After identifying the exact clusters, the concept of quantum bits’ representation is used for achieving the global optimization in PFCM. Here, PFCM depends on the reduction in the objective function that is mathematically represented in Eq. (8), (9), and (10).

$$ J_{\text{PFCM}} \left( {U,T,V} \right) = \mathop \sum \limits_{i = 1}^{C} \mathop \sum \limits_{j = 1}^{n} (u_{ij}^{m} + t^{n} )d^{2} (x_{j} ,v_{i} ) $$

(8)

where

$$ \sum\limits_{i = 1}^{c} {\mu_{ij} = 1,\quad \forall j \in \left\{ {1, \ldots ,n} \right\}} $$

(9)

$$ \sum\nolimits_{j = 1}^{n} {t_{ij} = 1,\quad \forall i \in \left\{ {1, \ldots ,c} \right\}} $$

(10)

where T is denoted as typicality matrix, J_PFCM is indicated as objective function, U is denoted as partition matrix, and V is represented as vector of cluster centres. In this work, the objective function is evaluated by utilizing the number of cluster centres and the degree of membership, as mathematically denoted in Eqs. (11)–(13).

$$ \mu_{ij} = \left[ {\mathop \sum \limits_{k = 1}^{c} \left( {\frac{{dx_{j} , v_{i} }}{{dx_{j} , v_{k} }}} \right)^{{\frac{2}{m - 1}}} } \right]^{ - 1} , 1 \le i \le c,\quad 1 \le j \le n $$

(11)

$$ t_{ij} = \left[ {\mathop \sum \limits_{k = 1}^{n} \left( {\frac{{dx_{j} , v_{i} }}{{dx_{j} , v_{k} }}} \right)^{{\frac{2}{n - 1}}} } \right]^{ - 1} , 1 \le i \le c,\quad 1 \le j \le n $$

(12)

$$ v_{i} = \frac{{\mathop \sum \nolimits_{k = 1}^{n} \left( {u_{ik}^{m} + t_{ik}^{n} } \right)x_{k} }}{{\mathop \sum \nolimits_{k = 1}^{n} \left( {u_{ik}^{m} + t_{ik}^{n} } \right)}}, \quad 1 \le i \le c $$

(13)

where n is indicated as number of data points that are described by the coordinates (x_j, v_i), which are utilized for calculating the distance between cluster centres and datasets, and c is stated as number of cluster centres. Modified PFCM clustering algorithm creates memberships and possibilities with normal cluster centres and prototypes of each cluster [37]. Here, selecting the objective function is the crucial aspect for enhancing the performance of clustering method.

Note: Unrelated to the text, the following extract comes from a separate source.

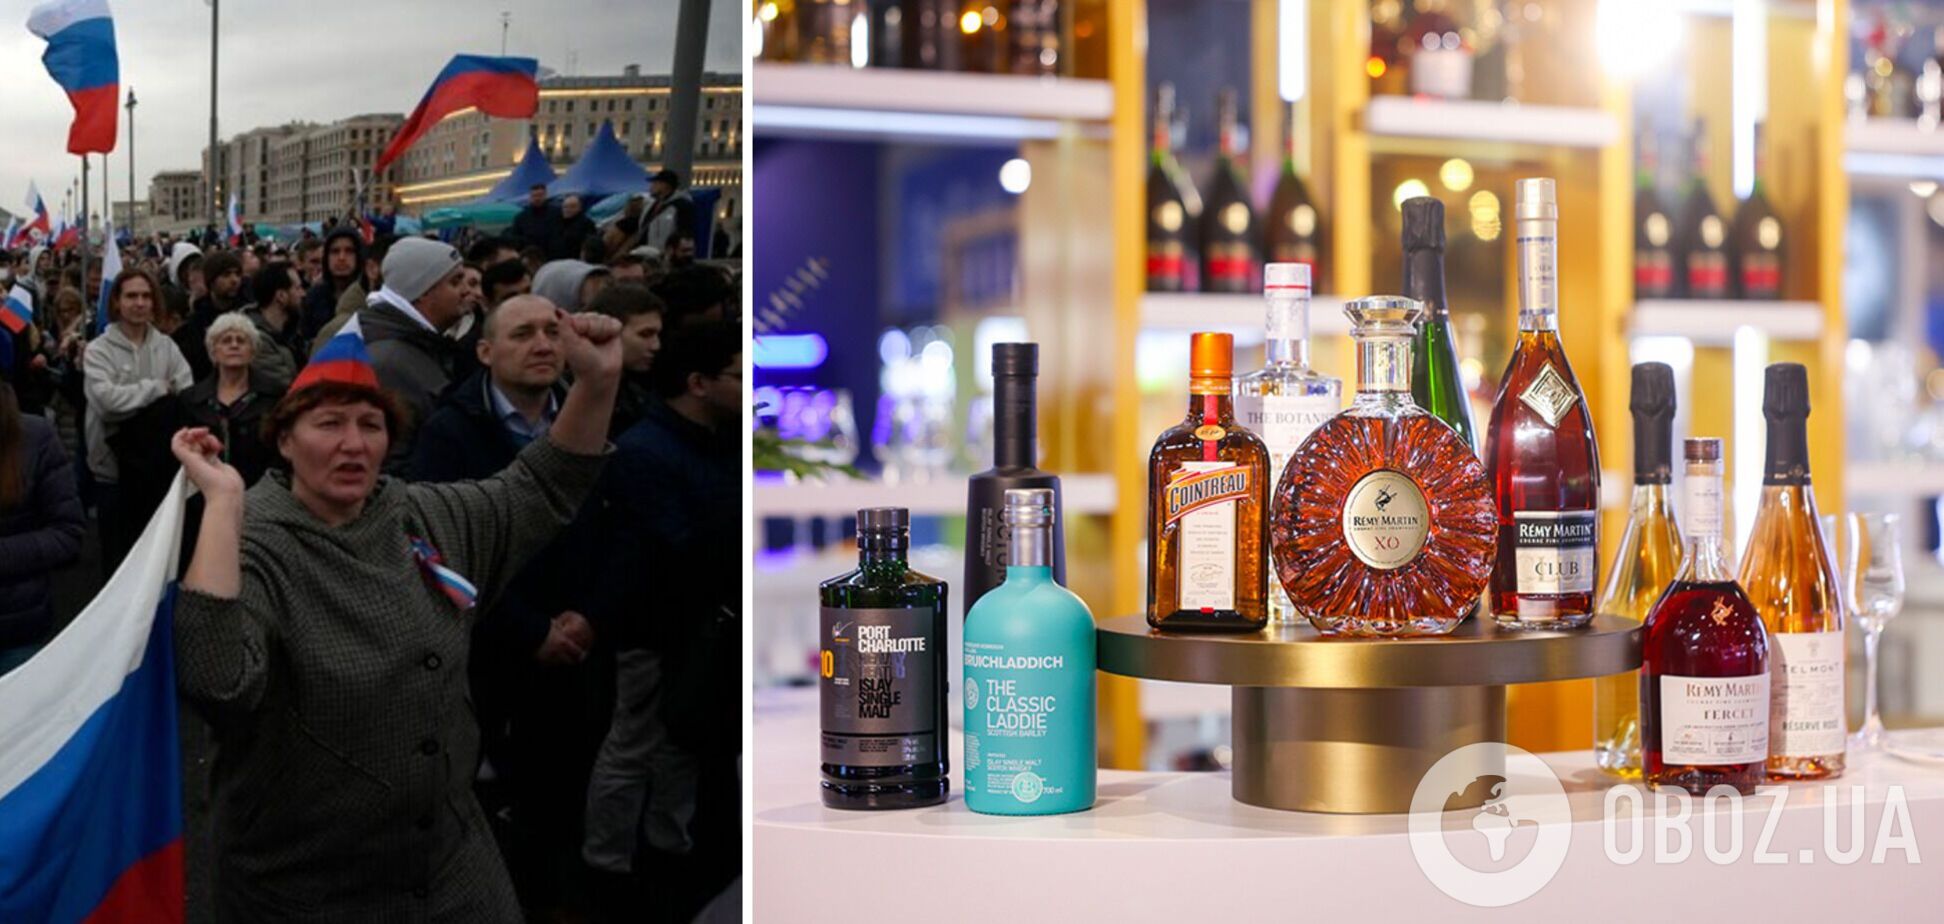 Россияне продолжают пить западный алкоголь, несмотря на 'санкции'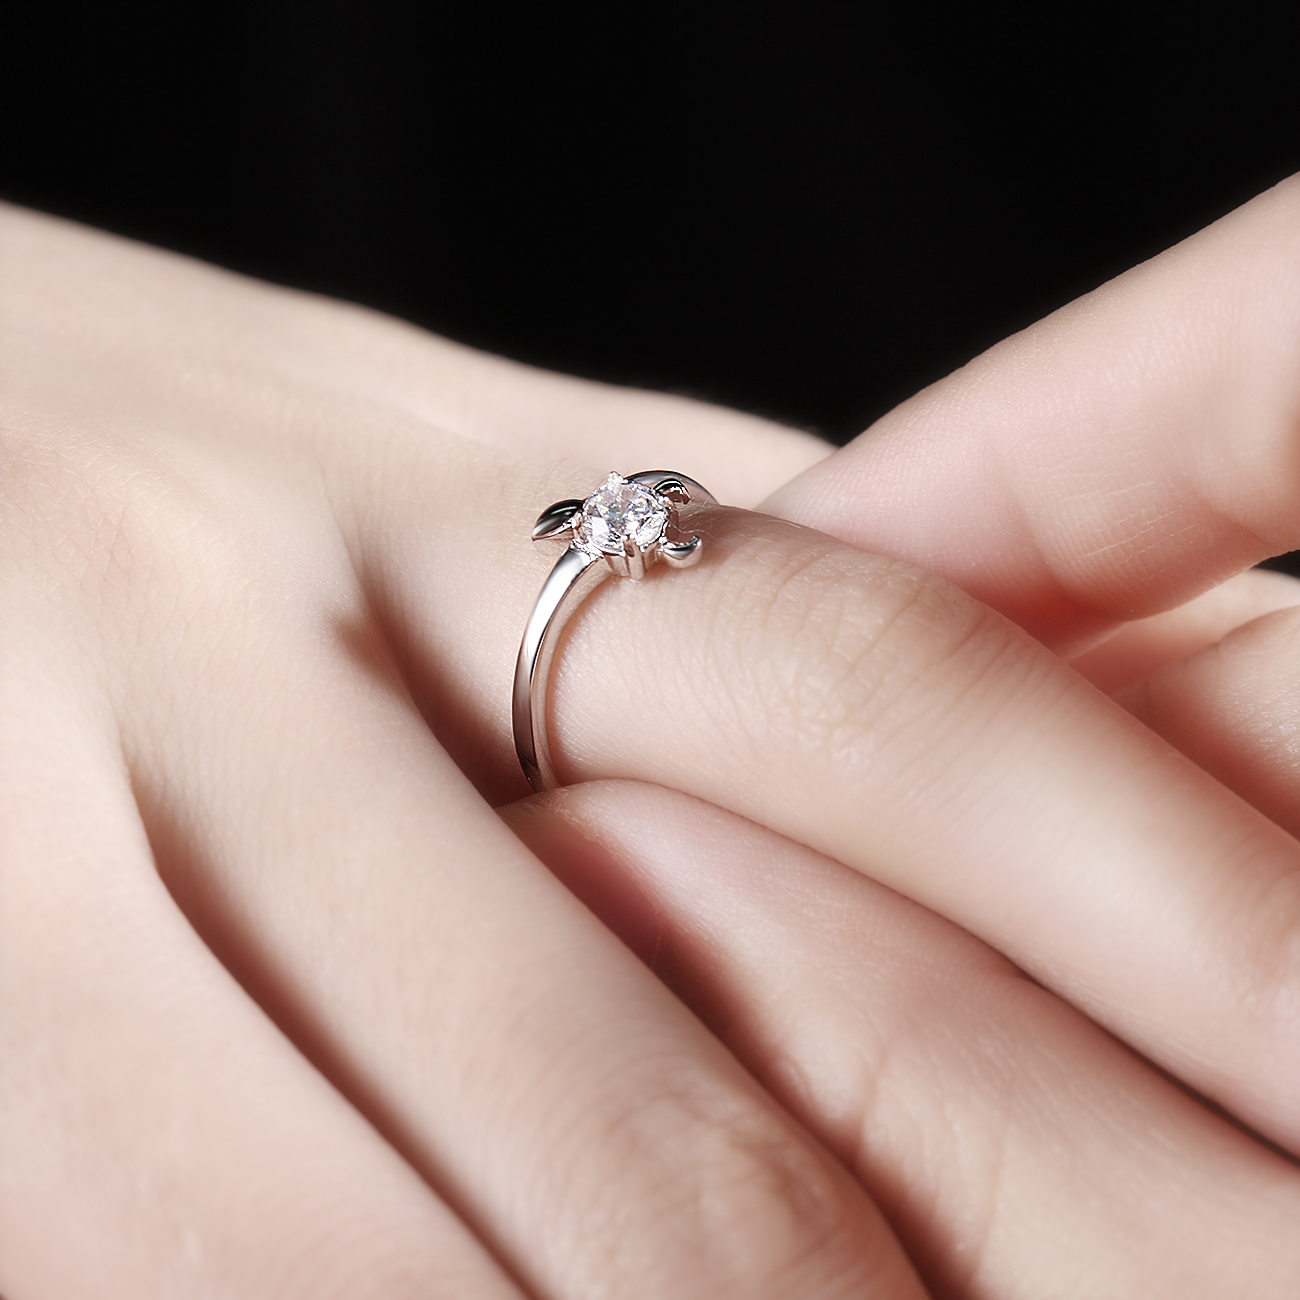 戒指戴在每个手指的含义是什么？十个手指戴戒指分别是什么意思 – 我爱钻石网官网

In this paper, the clustering performance is evaluated based on the objective function. In order to develop an effective objective function, the following requirements are considered:

The distance between the clusters needs to be diminished.
The distance between the data points (assigned in the clusters) needs to be decreased.

In addition, the objective function of modified PFCM clustering algorithm is enhanced by using driven prototype learning of parameter $ \alpha $. The learning mechanism of $ \alpha $ is dependent between the clusters, which is updated at each iteration. The parameter $ \alpha $ is mathematically stated in Eq. (14).

$$ \alpha \; = \;\exp \left( { - \min_{i \ne k} \frac{{\parallel v_{i} - v_{k} \parallel^{2} }}{\beta }} \right) $$

(14)

where $ \beta $ is signified as the sample variance that is denoted in Eq. (15).

$$ \beta \; = \;\frac{{\sum\nolimits_{j = 1}^{n} {\parallel x_{j} \; - \;\bar{x}\parallel^{2} } }}{n} $$

(15)

where $ \bar{x}\; = \;\frac{{\sum\nolimits_{j = n}^{n} {x_{j} } }}{n} $

Then, a weighting parameter is developed for calculating the value of $ \alpha $. Every point of the dataset comprises of a weight in relationship with every cluster. A better classification result is attained by using the weighting parameter, especially in the case of noisy data. Formula of weighting parameter is given in Eq. (16).

$$ w_{ji} \; = \;\exp \left( { - \;\frac{{\parallel x_{j} - v_{i} \parallel }}{{\left( {\sum\nolimits_{j = 1}^{n} {\parallel x_{j} - \bar{v}} \parallel^{2} } \right) \times c/n}}} \right) $$

(16)

where w_ji is stated as weight function of the point j with the class i. The working procedure of modified PFCM is shown in Fig. 2 and also effectively explained below.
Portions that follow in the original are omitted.